# Reef safe eel



## Green Ocean (Jun 24, 2014)

Hey guys, even though my thank hasn't started yet, I was wondering if there are any eels reef safe, and won't eat smaller fish. Or is a way like constant feeding so it won't attack the fish?


----------



## Taipan (Feb 12, 2012)

*Golden Dwarf Moray Eel - Gymnothorax melatremus*

Have a look at a Golden Dwarf Moray Eel - Gymnothorax melatremus.

A lot of people have had documented success with them. Very friendly (but shy). They stay small. Most can be trained to be hand fed if you want.

Generally speaking they are fine with smaller fish and to some degree inverts such as cleaner shrimp and blood shrimp. My personal experience is that these eels are fine for most reefs. Smaller shrimp such as pistol, and peppermint may be too tempting for them. The general rule is to try and keep them well fed to prevent their stomachs and eyes from wandering.

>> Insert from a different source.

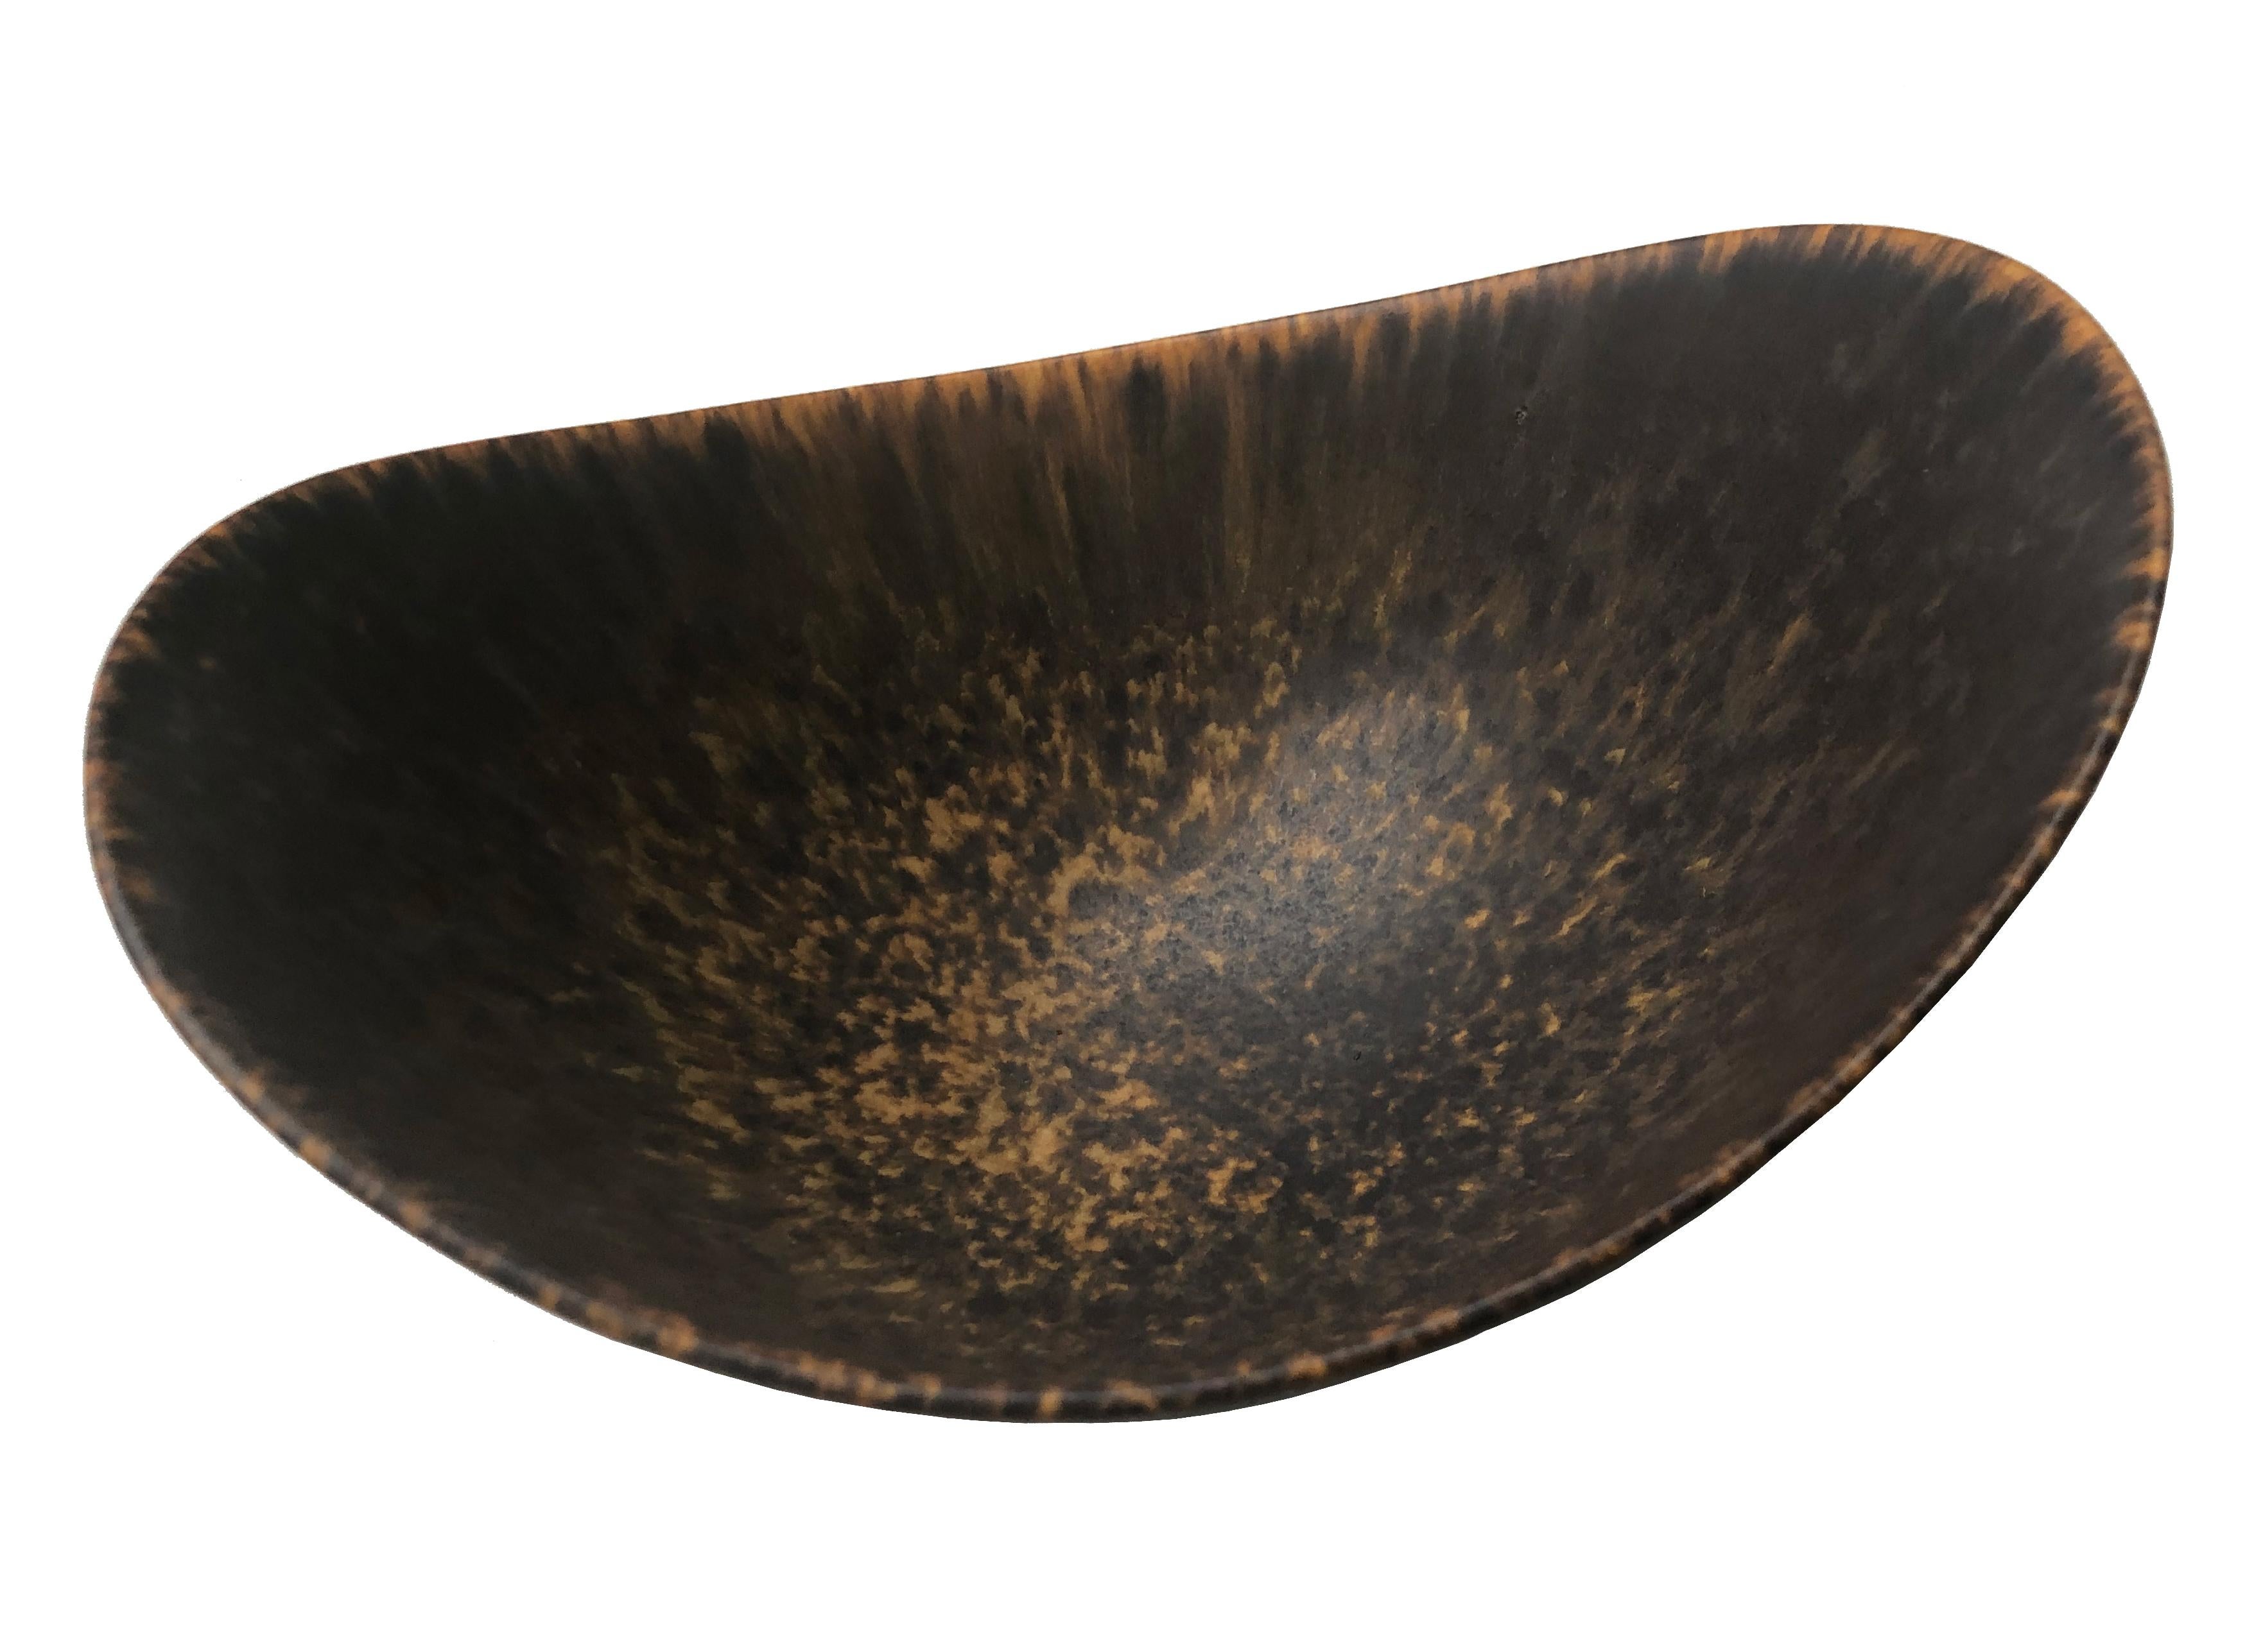 A Classic brown and beige-glazed stoneware bowl designed and produced in Sweden, 1940s. Marked as 1st quality. 
Gunnar Nylund, born in Paris in 1904 to parents engaged in sculpting and design, embarked on his own career as a designer at an early

There's no guarantee that it will be 100% reef safe (an eel is an eel) ; but the success rate is high.


----------



## TRUONGP15 (Apr 25, 2013)

Hawaiian golden dwarf eels are great. There's no guarantee that it won't eat anything that would fit in its mouth but id say this is probably as close as you're going to get to "reef safe" in an eel. They stay relatively small too, won't eat any corals but your shrimps might make a tasty treat. Unfortunately they are one of the more pricier eels but they're definitely a great addition!


----------



## Green Ocean (Jun 24, 2014)

I remember that the golden dwarf eels are quite pricey, any cheaper options?If not where do you think I can get it for a good price?


TRUONGP15 said:


> Hawaiian golden dwarf eels are great. There's no guarantee that it won't eat anything that would fit in its mouth but id say this is probably as close as you're going to get to "reef safe" in an eel. They stay relatively small too, won't eat any corals but your shrimps might make a tasty treat. Unfortunately they are one of the more pricier eels but they're definitely a great addition!


----------



## Taipan (Feb 12, 2012)

I can't speculate on pricing or availability; however these stores have had GDM eels in the recent past:

(In no Particular Order) :

Sea U Marine
Coral Reef Shop
R2O Aquariums
North American Fishbreeders

It should be noted that the colouration impacts on pricing as well. The more colourful - the harder to come by; the higher the premium.


----------



## edbeck (Jan 21, 2013)

*Gme*

Males are yellow, females are more off-white with yellow accents.


----------



## TRUONGP15 (Apr 25, 2013)

Yeah they can be really pricy, especially since they come from Hawaii and how the Canadian dollar is going. SUM just got a shipment in today, 2 of them in stock... I think it was about 300 or so each.


----------



## Coral Reef Shop (Jun 3, 2013)

*GDM in stock.....*

We currently have a nice tiny GDM (Golden Dwarf Moray) in stock - the size of a pencil. You don't often see them this small. It is already accepting food.


----------



## Green Ocean (Jun 24, 2014)

Thanks for the notice, although I don't have my tank setup yet, just planning for things in the future. Even though we live very far from your store but we'll definitely see if it's possible to pay a visit later on!


Coral Reef Shop said:


> We currently have a nice tiny GDM (Golden Dwarf Moray) in stock - the size of a pencil. You don't often see them this small. It is already accepting food.


----------



## Coral Reef Shop (Jun 3, 2013)

No problem at all. You and your family are welcome to drop by anytime. Good luck with your build.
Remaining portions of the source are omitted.